The monsters which the successors of the apostles were bent on destroying, frightened for a moment, reappeared gradually, thanks to the crazy fanaticism, and sometimes the deliberate connivance, of priests and theologians. The history of the enfranchisement of the French communes offers constantly the spectacle of the ideas of justice and liberty spreading among the people, in spite of the combined efforts of kings, nobles, and clergy. In the year 1789 of the Christian era, the French nation, divided by caste, poor and oppressed, struggled in the triple net of royal absolutism, the tyranny of nobles and parliaments, and priestly intolerance. There was the right of the king and the right of the priest, the right of the patrician and the right of the plebeian; there were the privileges of birth, province, communes, corporations, and trades; and, at the bottom of all, violence, immorality, and misery. For some time they talked of reformation; those who apparently desired it most favoring it only for their own profit, and the people who were to be the gainers expecting little and saying nothing. For a long time these poor people, either from distrust, incredulity, or despair, hesitated to ask for their rights: it is said that the habit of serving had taken the courage away from those old communes, which in the middle ages were so bold.

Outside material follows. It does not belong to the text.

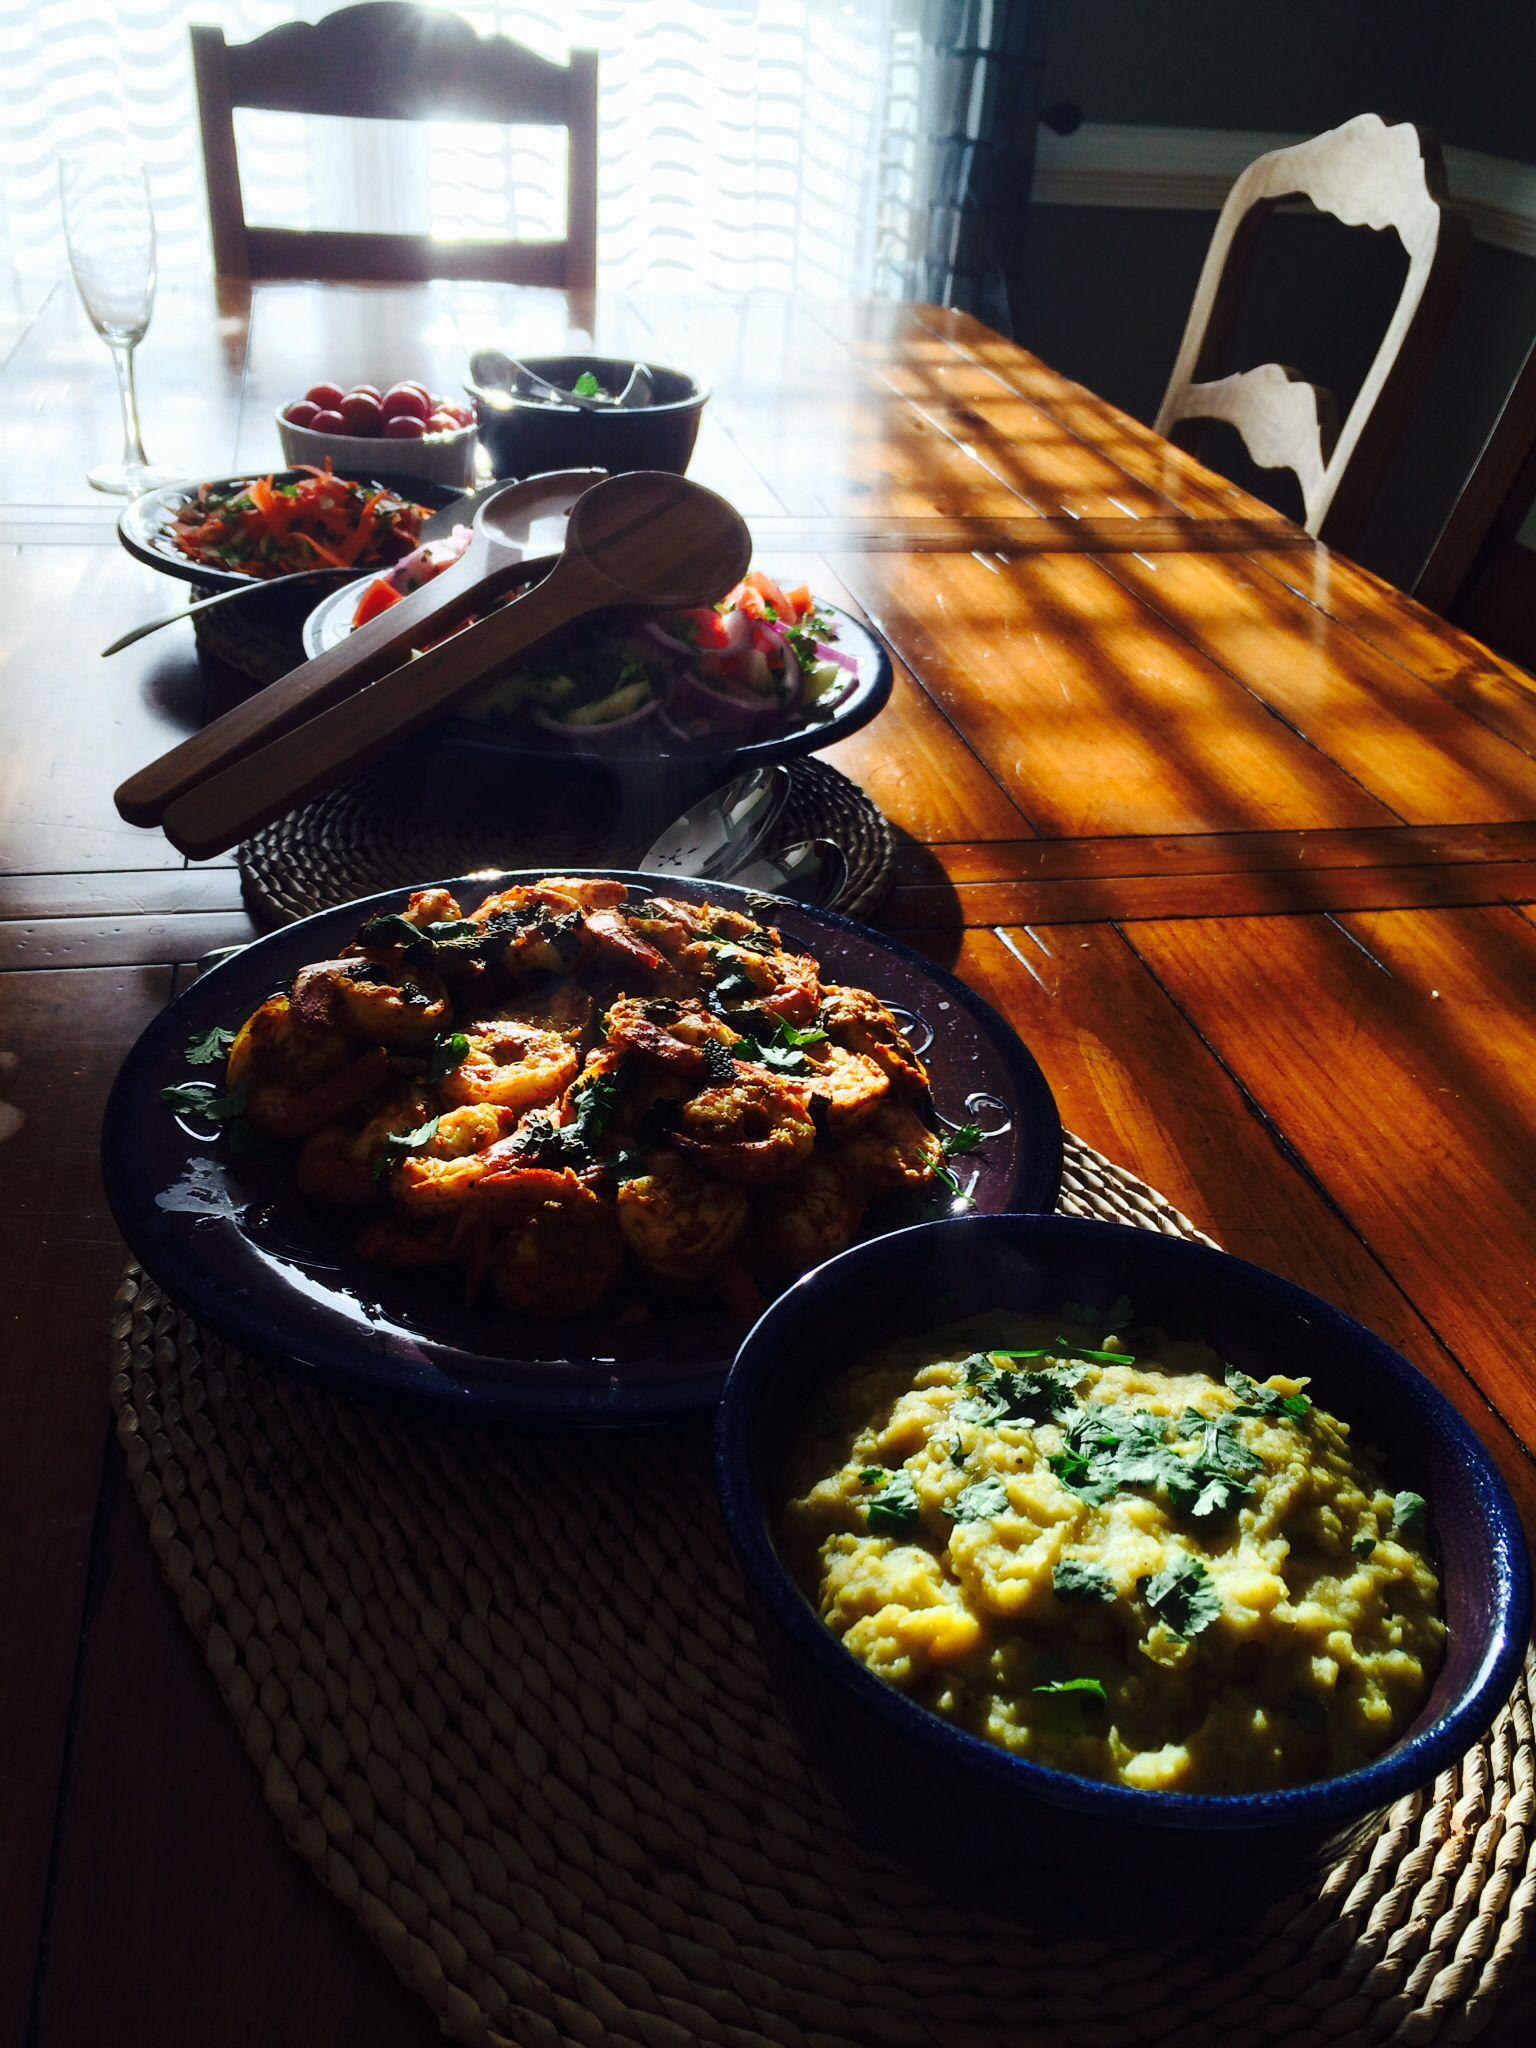 Masala prawns, lentil Dhal, and salad accompaniments

Finally a book appeared, summing up the whole matter in these two propositions: What is thee third estate? — Nothing. What ought it to be? — Every thing. Some one added by way of comment: What is the king? — The servant of the people.
This was a sudden revelation: the veil was torn aside, a thick bandage fell from all eyes. The people commenced to reason thus:—
If the king is our servant, he ought to report to us;
If he ought to report to us, he is subject to control;
If he can be controlled, he is responsible;
If he is responsible, he is punishable;
If he is punishable, he ought to be punished according to his merits;
If he ought to be punished according to his merits, he can be punished with death.”